For each line below with the word "side", write out a copy.

── Input records ──

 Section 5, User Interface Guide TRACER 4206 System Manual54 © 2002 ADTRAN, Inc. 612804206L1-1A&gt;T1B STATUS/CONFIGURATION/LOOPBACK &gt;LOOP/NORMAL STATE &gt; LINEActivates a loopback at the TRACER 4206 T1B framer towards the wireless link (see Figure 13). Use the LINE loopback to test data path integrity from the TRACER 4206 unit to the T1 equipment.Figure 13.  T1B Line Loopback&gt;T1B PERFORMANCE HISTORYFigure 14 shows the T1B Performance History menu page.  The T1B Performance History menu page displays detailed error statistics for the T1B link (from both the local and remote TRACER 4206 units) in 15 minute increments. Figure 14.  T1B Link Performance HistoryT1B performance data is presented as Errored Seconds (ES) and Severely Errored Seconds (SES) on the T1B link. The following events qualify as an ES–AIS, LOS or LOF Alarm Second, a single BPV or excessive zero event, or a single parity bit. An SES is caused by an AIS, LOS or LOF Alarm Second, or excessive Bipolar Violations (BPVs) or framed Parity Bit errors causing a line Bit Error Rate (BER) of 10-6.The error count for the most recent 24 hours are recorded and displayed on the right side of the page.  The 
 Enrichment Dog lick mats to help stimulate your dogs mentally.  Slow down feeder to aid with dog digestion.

───
── Input records ──

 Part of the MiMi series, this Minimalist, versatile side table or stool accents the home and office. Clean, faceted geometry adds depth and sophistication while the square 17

───

| Finished task |
 Section 5, User Interface Guide TRACER 4206 System Manual54 © 2002 ADTRAN, Inc. 612804206L1-1A&gt;T1B STATUS/CONFIGURATION/LOOPBACK &gt;LOOP/NORMAL STATE &gt; LINEActivates a loopback at the TRACER 4206 T1B framer towards the wireless link (see Figure 13). Use the LINE loopback to test data path integrity from the TRACER 4206 unit to the T1 equipment.Figure 13.  T1B Line Loopback&gt;T1B PERFORMANCE HISTORYFigure 14 shows the T1B Performance History menu page.  The T1B Performance History menu page displays detailed error statistics for the T1B link (from both the local and remote TRACER 4206 units) in 15 minute increments. Figure 14.  T1B Link Performance HistoryT1B performance data is presented as Errored Seconds (ES) and Severely Errored Seconds (SES) on the T1B link. The following events qualify as an ES–AIS, LOS or LOF Alarm Second, a single BPV or excessive zero event, or a single parity bit. An SES is caused by an AIS, LOS or LOF Alarm Second, or excessive Bipolar Violations (BPVs) or framed Parity Bit errors causing a line Bit Error Rate (BER) of 10-6.The error count for the most recent 24 hours are recorded and displayed on the right side of the page.  The 
 Part of the MiMi series, this Minimalist, versatile side table or stool accents the home and office. Clean, faceted geometry adds depth and sophistication while the square 17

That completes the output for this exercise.